Re: Parallel copy - Mailing list pgsql-hackers

From Ants Aasma
Subject Re: Parallel copy
Date
Msg-id CANwKhkMgtdhXUZhhWGXBCM0ofRGm+0MEF6aBwE32N+PXs=Uh4Q@mail.gmail.com
Whole thread Raw
In response to Re: Parallel copy  (vignesh C <vignesh21@gmail.com>)
Responses Re: Parallel copy  (Amit Kapila <amit.kapila16@gmail.com>)
Re: Parallel copy  (Robert Haas <robertmhaas@gmail.com>)
List pgsql-hackers
On Tue, 7 Apr 2020 at 08:24, vignesh C <vignesh21@gmail.com> wrote:
> Leader will create a circular queue
> and share it across the workers. The circular queue will be present in
> DSM. Leader will be using a fixed size queue to share the contents
> between the leader and the workers. Currently we will have 100
> elements present in the queue. This will be created before the workers
> are started and shared with the workers. The data structures that are
> required by the parallel workers will be initialized by the leader,
> the size required in dsm will be calculated and the necessary keys
> will be loaded in the DSM. The specified number of workers will then
> be launched. Leader will read the table data from the file and copy
> the contents to the queue element by element. Each element in the
> queue will have 64K size DSA. This DSA will be used to store tuple
> contents from the file. The leader will try to copy as much content as
> possible within one 64K DSA queue element. We intend to store at least
> one tuple in each queue element. There are some cases where the 64K
> space may not be enough to store a single tuple. Mostly in cases where
> the table has toast data present and the single tuple can be more than
> 64K size.
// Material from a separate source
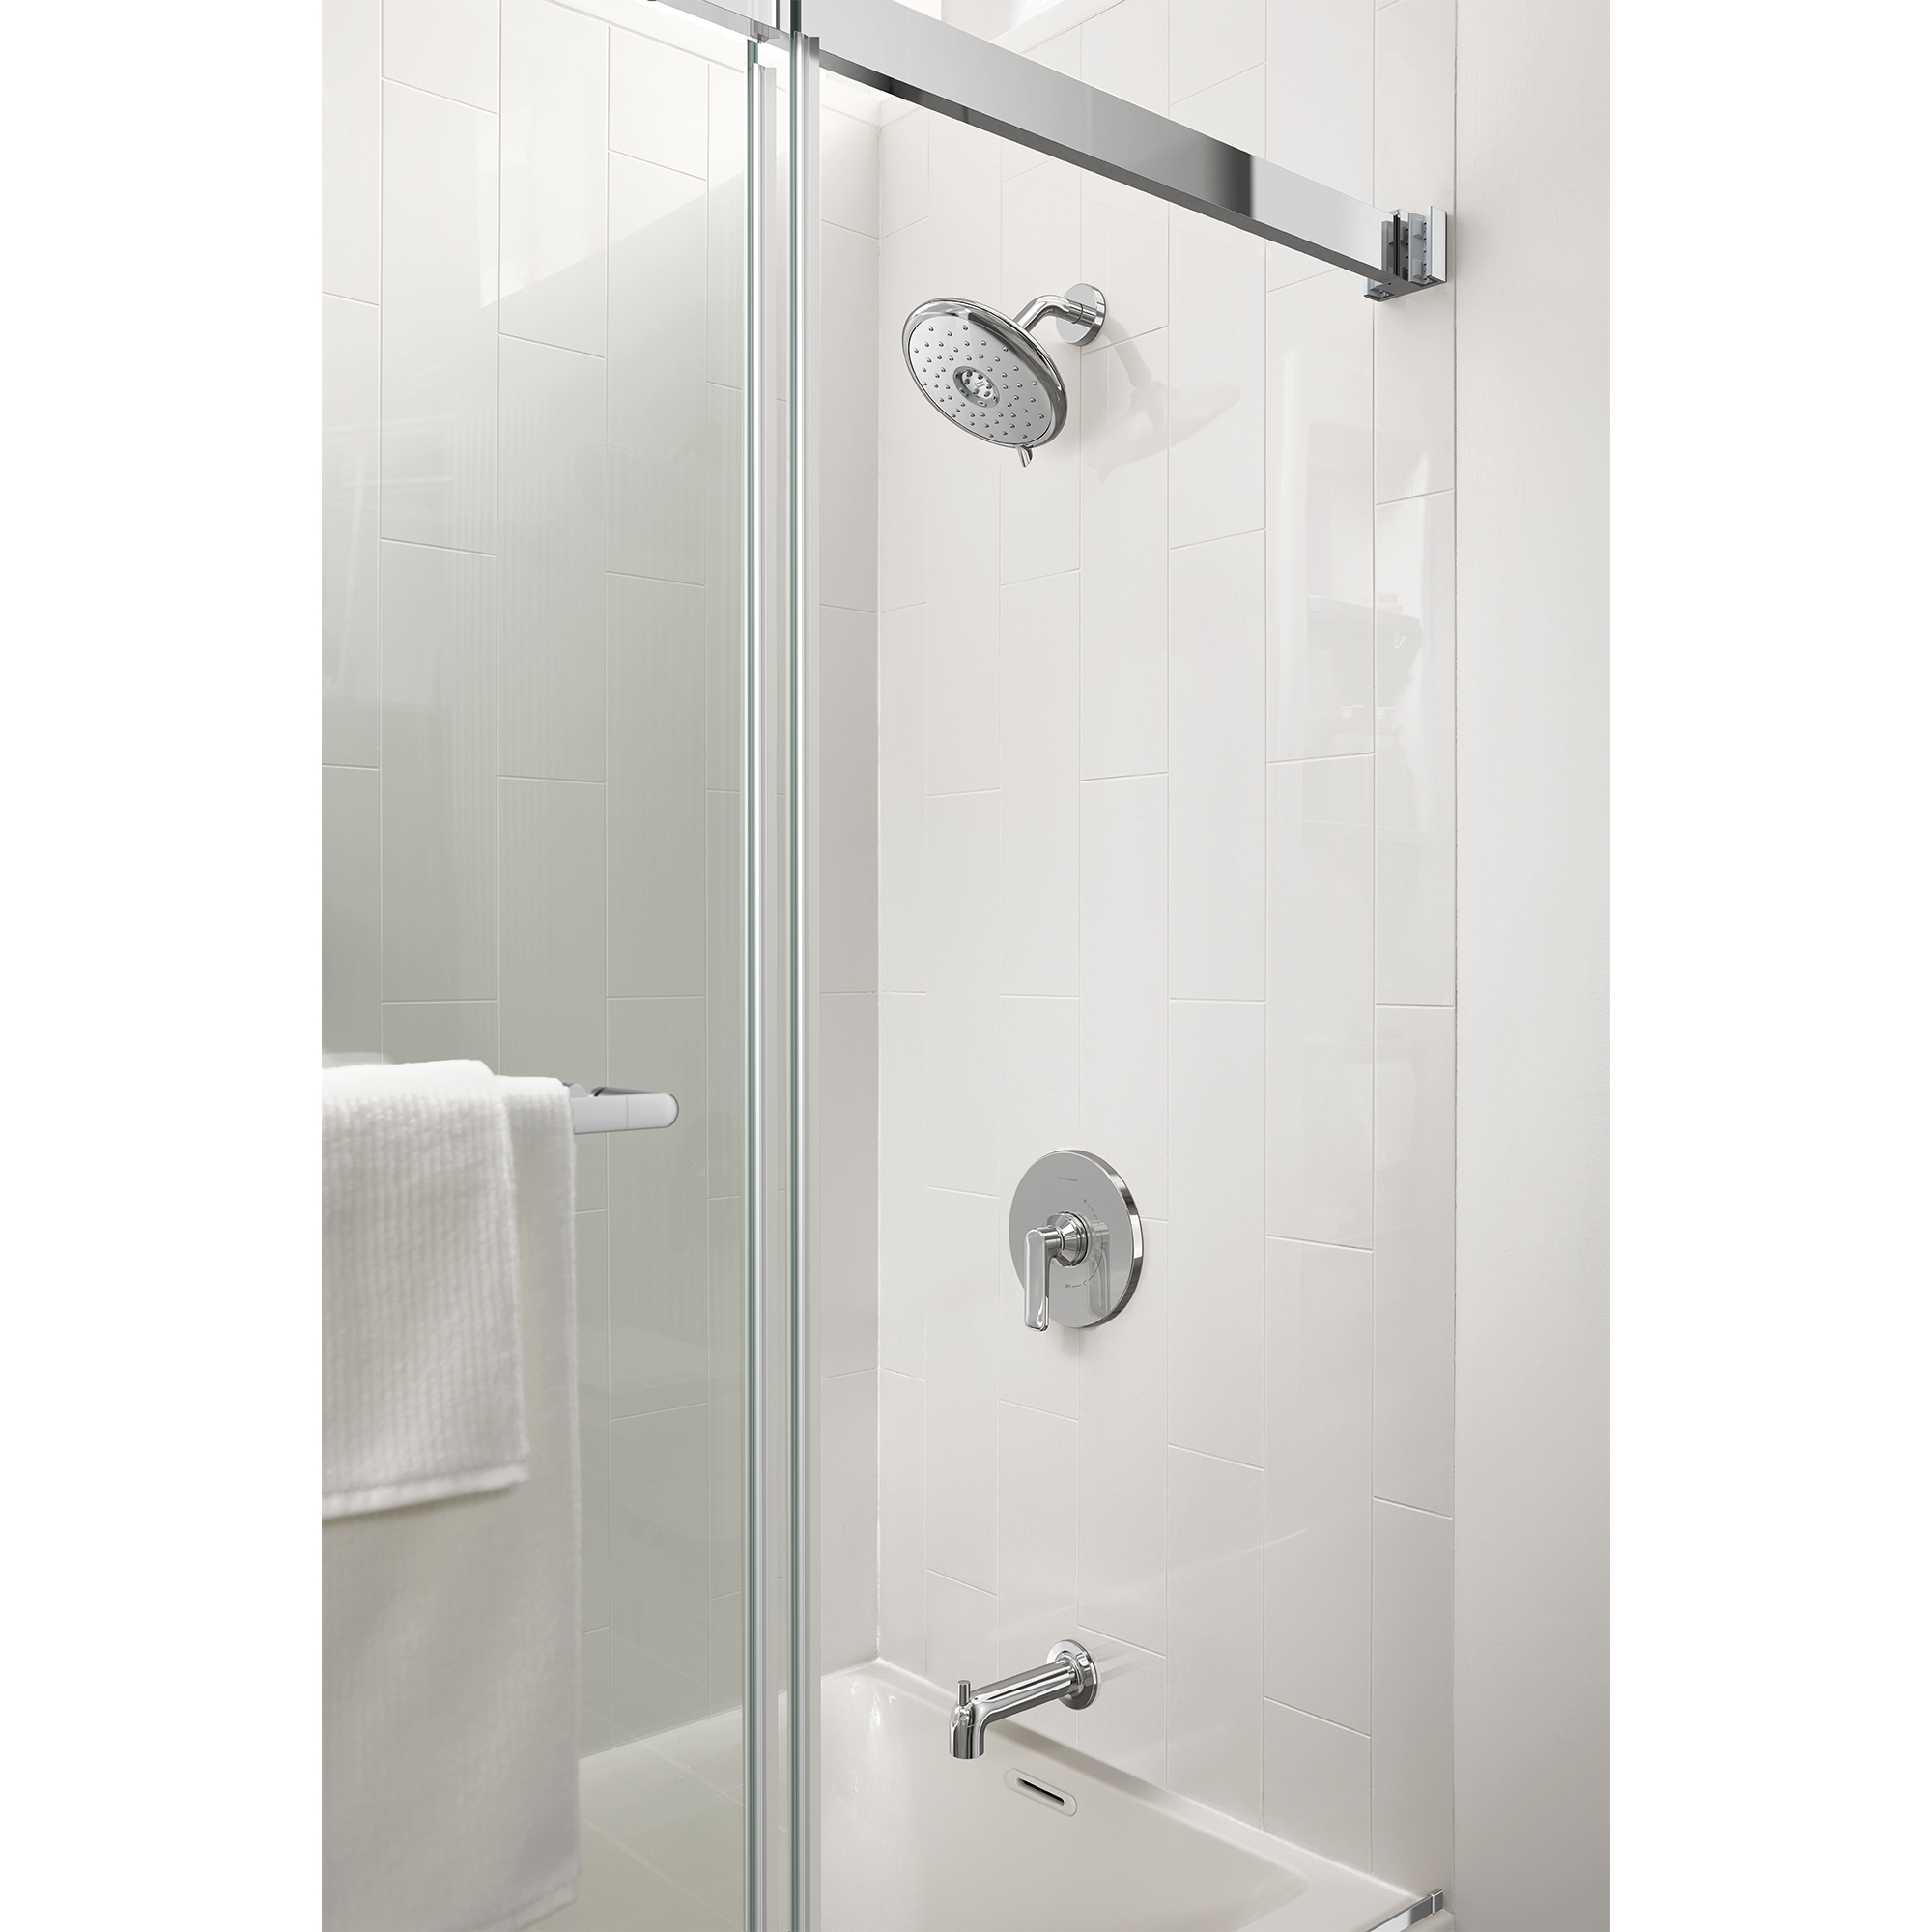 Aspirations™ 1.8 gpm/6.8 L/min Tub and Shower Trim Kit With Water-Saving Showerhead and Double Ceramic Pressure Balance Cartridge With Lever Handle

In these scenarios we will extend the DSA space accordingly.
> We cannot change the size of the dsm once the workers are launched.
> Whereas in case of DSA we can free the dsa pointer and reallocate the
> dsa pointer based on the memory size required. This is the very reason
> for choosing DSA over DSM for storing the data that must be inserted
> into the relation.

I think the element based approach and requirement that all tuples fit
into the queue makes things unnecessarily complex. The approach I
detailed earlier allows for tuples to be bigger than the buffer. In
that case a worker will claim the long tuple from the ring queue of
tuple start positions, and starts copying it into its local line_buf.
This can wrap around the buffer multiple times until the next start
position shows up. At that point this worker can proceed with
inserting the tuple and the next worker will claim the next tuple.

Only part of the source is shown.